- Alternative names: Chandua (Odia: ଚାନ୍ଦୁଆ Cānduā)
- Type: Handicraft
- Area: Pipili, Puri district, Odisha
- Country: India
- Material: Fabric

= Pipili appliqué work =

Appliqué work from Pipili, Odisha, India

The village of Pipili, Puri district, Odisha, India, is well known for its appliqué work, traditionally known as Chandua (ଚାନ୍ଦୁଆ Cānduā) in India. "Appliqué" comes from the French word appliquer, meaning "to put on". There are two variants to this technique: appliqué, where a fabric shape is sewn over a base layer, and reverse appliqué, wherein two layers of fabric are laid down, and a shape is subsequently cut out from the upper layer, exposing the lower layer, before both are stitched together.
It is one of the products which has been granted Geographical Indication (GI) by the government of India (Application No. 86 and 108).

==Etymology==
The word Chandua (ଚାନ୍ଦୁଆ Cānduā) is derived from the Sanskrit word Candrātapa (Sanskrit:चन्द्रातप, Candrātapa) and the Prakrit word Candāava (Prakrit:चंदाअव, Candāava) meaning moonlight, an awning, canopy, lantern.

==History==

Pipili appliqué work owes its origin to the culture of Lord Jagannath during the 12th century.
Earlier appliqué canopies, umbrellas and lanterns were prepared by the Gajapatis for the annual Ratha Jatra of Jagannath.

==Use==
Nowadays its usage is more in household, decorative and festival products. The appliqué items are mainly used during rituals and jatras of the deities, particularly the colourful appliqué cloth covers of the three rathas of the deities during Rath Jatra. Apart from differences in colour the basic design of all three is similar. Appliqué work is also used in making pillows, seats and ritual dresses for the deities.

==Designing==
The base cloth includes water proof material for umbrellas, velvet for tents, cotton, and threads.

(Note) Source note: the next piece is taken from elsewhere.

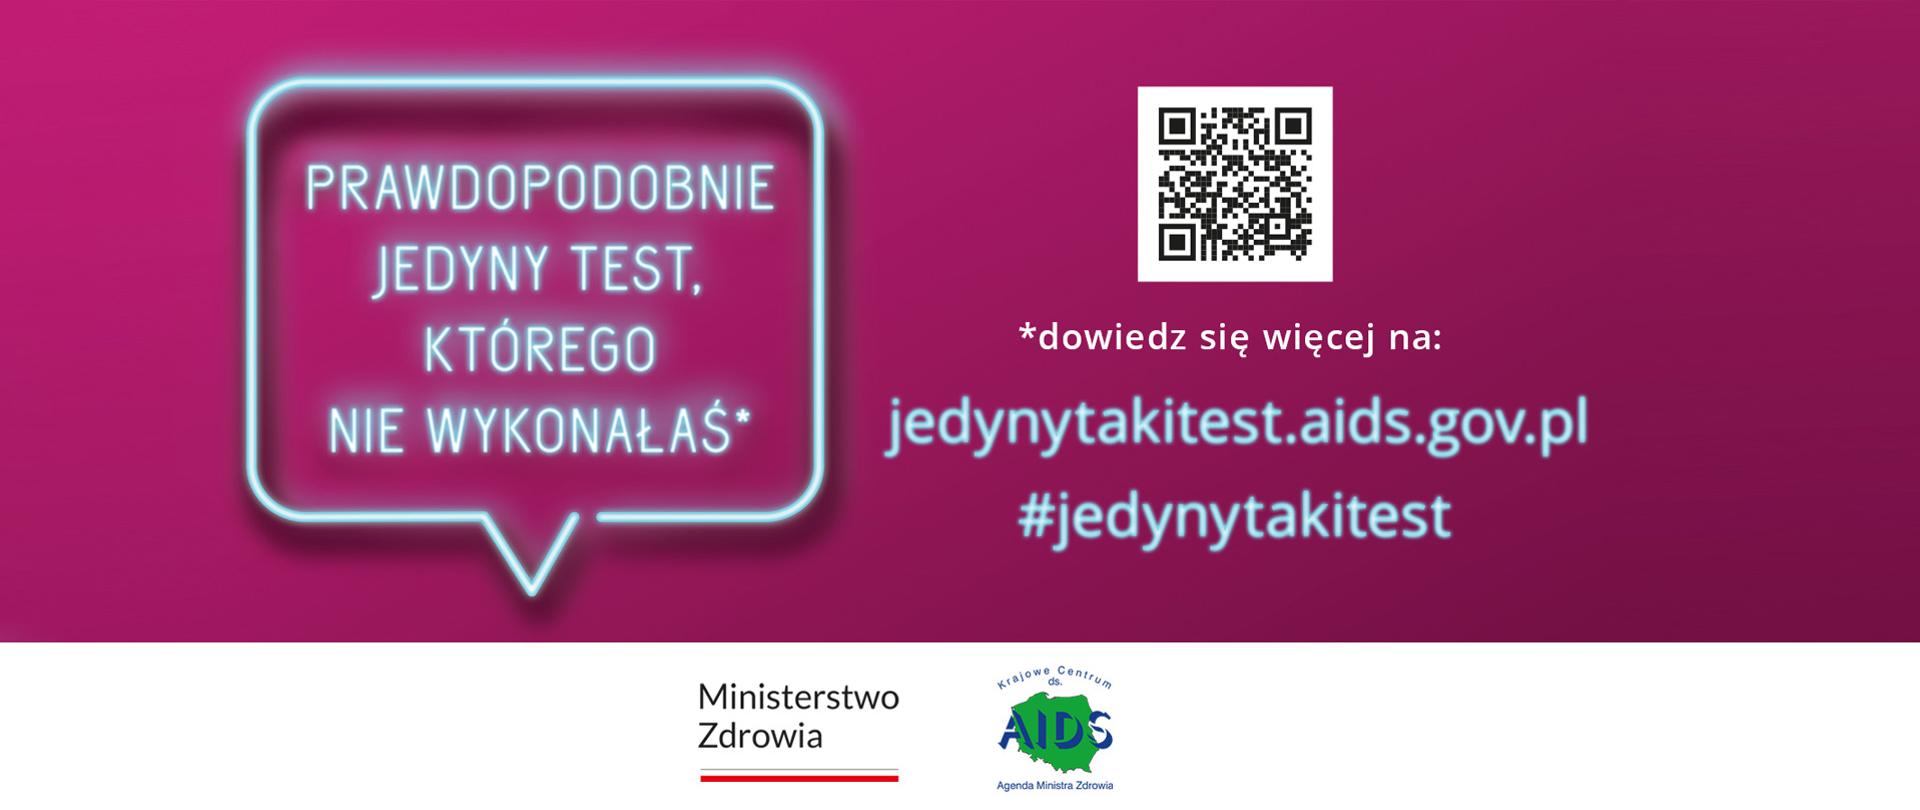 Grafika przedstawiająca neon z napisem: "Prawdopodobnie jedyny test, którego nie wykonałeś". Obok kod QR oraz informacja: Dowiedz się więcej na jedynytakitest.aids.gov.pl, #jedynytakitest. Logo Ministerstwa Zdrowia oraz Krajowego Centrum ds.AIDS.

Mythical and natural figures are used for the work, including peacocks, ducks, parrots, trees, elephants, creepers, flowers such as jasmine and lotus, the Sun, half-moon, and Rahu (a mythical demon who once swallowed up the sun).

The craft involves embroidering and stitching. For attaching the pieces of cloth the makers use straight stitch, satin stitch, blind stitch, or buttonhole stitch. Sometimes they also make mirror work and many decorative stitches.

==Pipili village==
Pipili is a small town, situated about 40 kilometers from Puri, Odisha. The income of this town is essentially dependent on the business of its handicrafts of which the appliqué works are the main source. Nowadays, Pipili is globally known as the destination of appliqué and is where many workers and workshops continue to practise the technique, creating both traditional and contemporary items.

==Guinness Book of Records==
Pipili has an entry in 2004 in the Guinness Book of Records, for the world's largest thematic appliqué work. The 54 m long work is filled with depictions of India's struggle for independence.